The p-value for the estimate of a coefficient is the probability of a value of at least that magnitude arising by chance. A variable with a low p-value is called significant. Testing whether a predictor is significant is normally performed using the null hypothesis. That is, assume the true value of the predictor coefficient is zero and reject this assumption if the p-value is below a predetermined cut-off. Typically [math]p=0.05[/math] is used as a cut-off. However, it's important to note this means there's a 1-in-20 chance of rejecting the null hypothesis when it is true. I.e. we would include the predictor in the model when based on the data in the GLM it has no effect. Since insurance models generally consider a lot more than 20 variables, there can be a good reason to use even smaller p-values.

If a variable is not significant then it should be removed from the model. If a sub-category of a categorical variable is not significant, it should be grouped with the base level for the variable instead of removing it from the dataset.

The confidence interval is the range of coefficients for the predictor which we would not reject. It is a reasonable range of estimates for the coefficient. The confidence interval is based on a p-value, and is called the [math](1-p)\%[/math] confidence interval. For instance, if the p-value is 0.05 then we have a 95% confidence interval.

Question: The GLM software gives the coefficient as 0.48, the p-value as 0.00056, and a 95% confidence interval of [0.17, 0.79].

Can we reject the null hypothesis at the 5% significant level?

Solution:
Yes.
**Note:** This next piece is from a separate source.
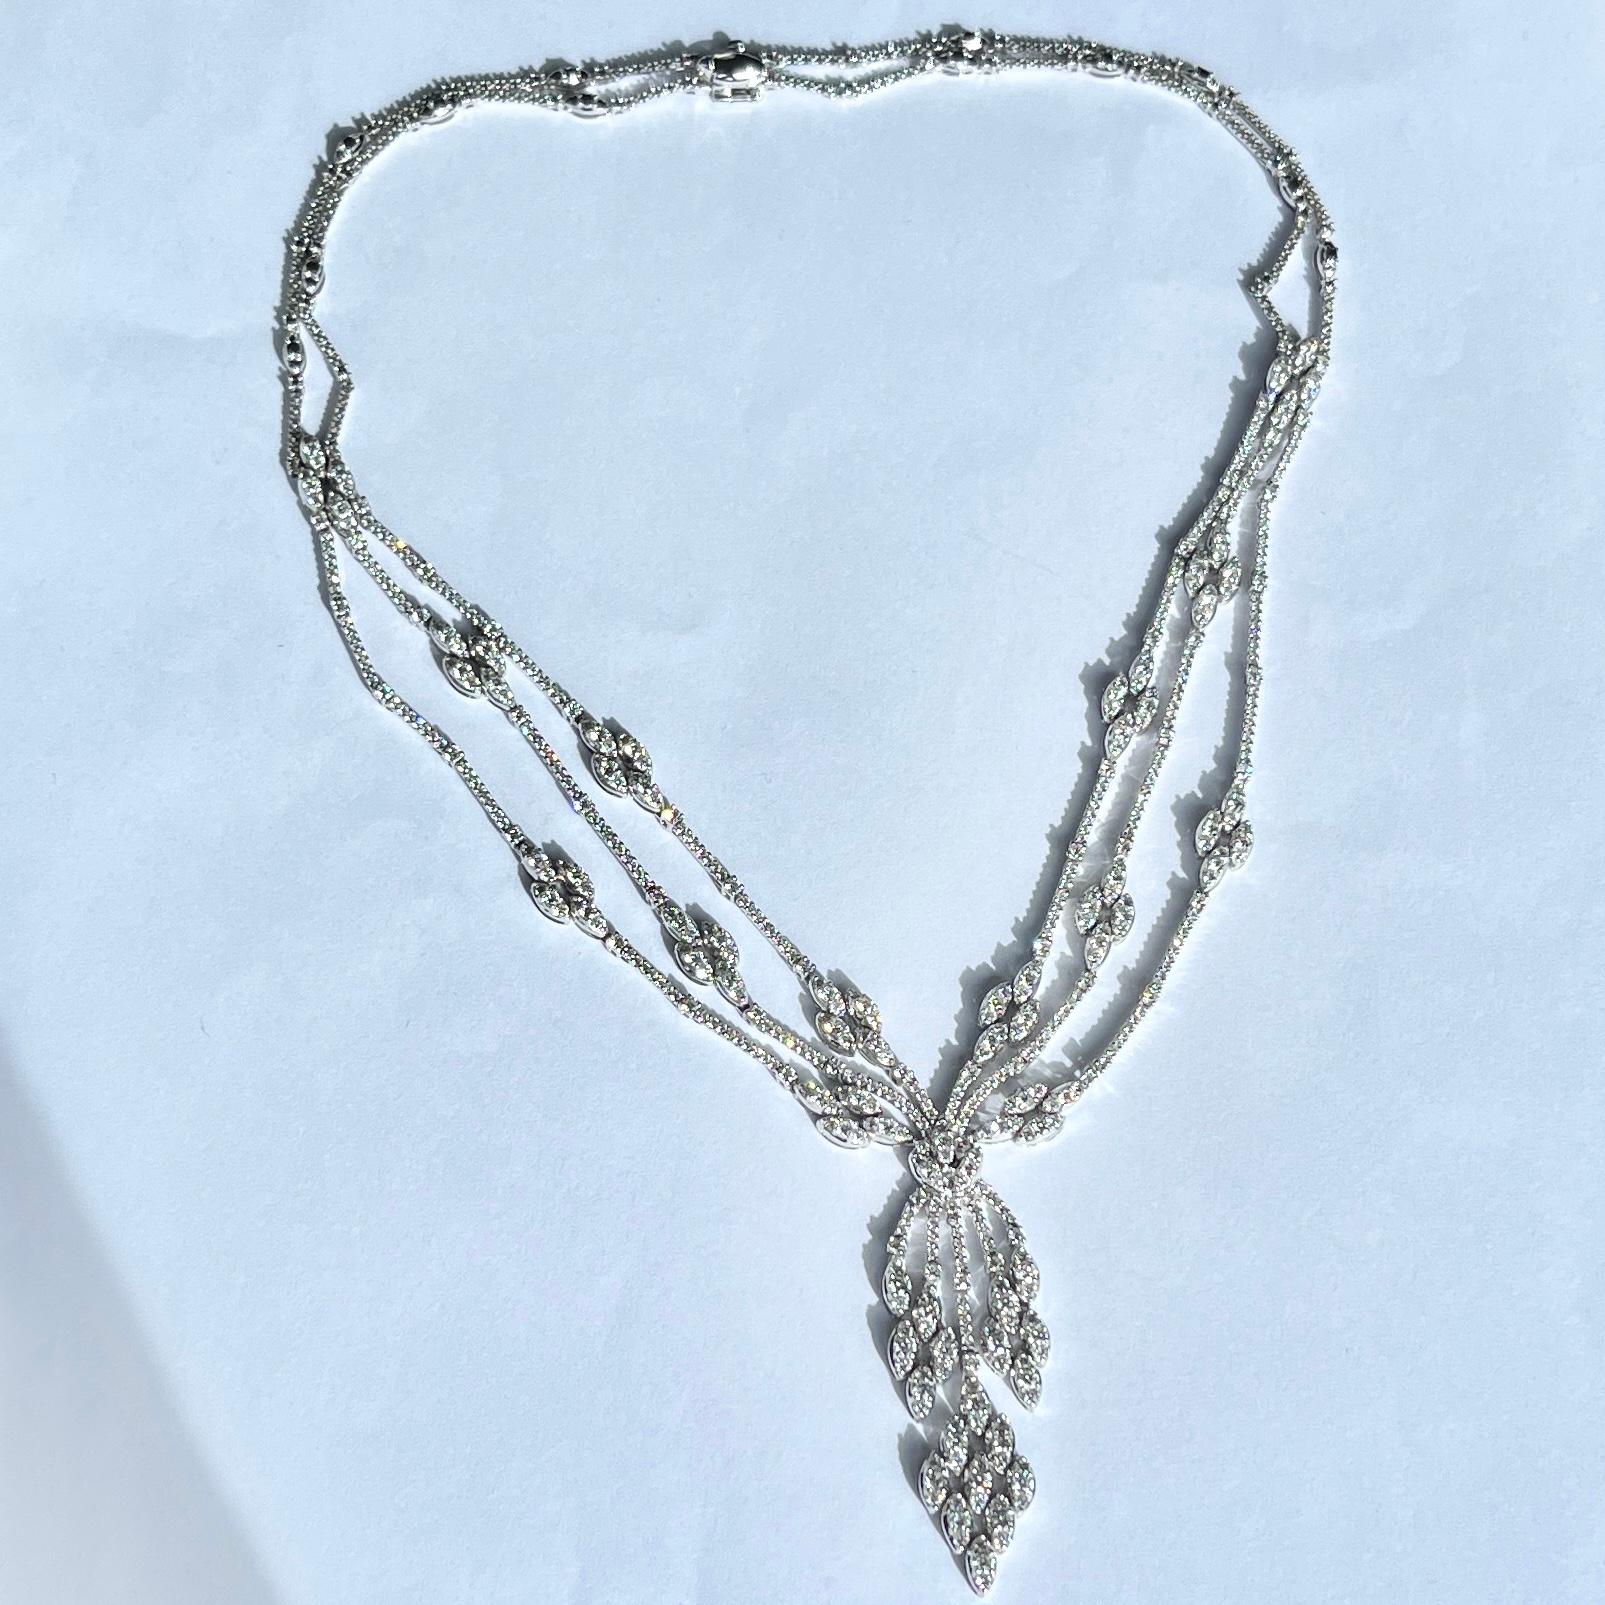 Modern 18 Carat White Gold and Diamond Encrusted Pendant Necklace In Excellent Condition For Sale In Chipping Campden, GB

The p-value is very small, much smaller than our significance threshold of 0.05, so we reject the null hypothesis and assume this variable is significant.
The confidence interval tells us the although we observed the coefficient as 0.48, the true value is somewhere between 0.17 and 0.79 if we're willing to be wrong once every 20 times.
If observed p-value was instead 0.3 which is greater than 0.05 then we would accept the null hypothesis that the true value is 0 (despite observing 0.48) and would remove this variable from the model or combine it with the base level if it is categorical.
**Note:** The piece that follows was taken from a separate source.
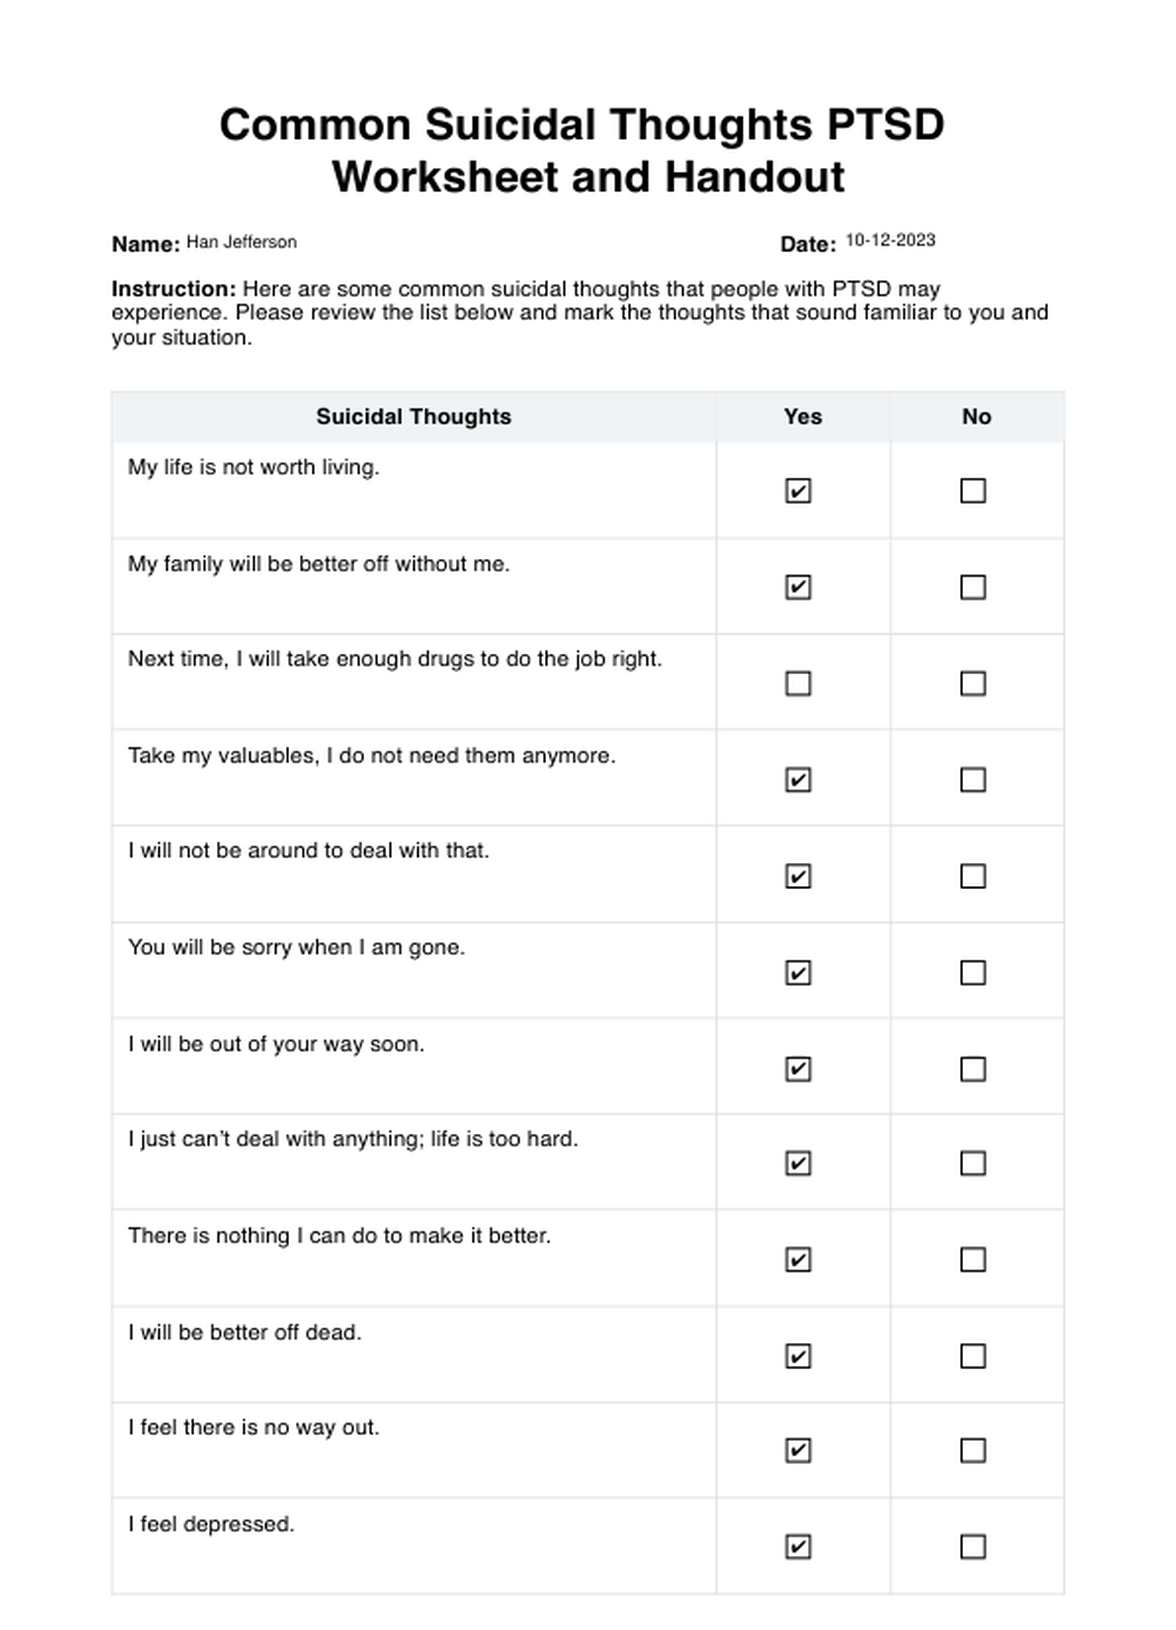 Common Suicidal Thoughts PTSD Worksheet and Handout PDF Example

Types of Variables to Use in a GLM

Variables are either continuous (such as the amount of insurance in dollars) or categorical. A categorical variable can be numeric (such as the territory number assigned) or non-numeric (such as the type of protective device found in a dwelling).

When dealing with continuous variables, you can usually use them right away with minimal transformation. The important transformation is to match the scale of your continuous variable to the scale of your link function. So if you're using a log link function then you should take the log of your continuous variables before applying the GLM process.

Using logged continuous data with a log link function is said to be a power transform of the original variable. This is because if the linear predictor is [math]\beta_0+\beta_1\ln(x)[/math] and we have a log link, then [math]\ln(\mu)=\beta_0+\beta_1\ln(x)[/math] and taking exponents on both sides gives [math]\mu=e^{\beta_0}\cdot x^{\beta_1}[/math]. That is, the predicted coefficient is applied directly to the original variable, rather than wrapping it up in [math]e^{\beta_1x}[/math].

If the original predictor and the target variable have a linear relationship and we're using a log link, then the coefficient will be close to 1 if the original predictor was logged. For a logged original predictor then if the coefficient is larger than 1, then the original predictor increases at an increasing rate. If the coefficient is between 0 and 1 then the original predictor is related to the target variable by a curve than increases at a progressively slower (decreasing) rate. This is often a good shape for insurance applications.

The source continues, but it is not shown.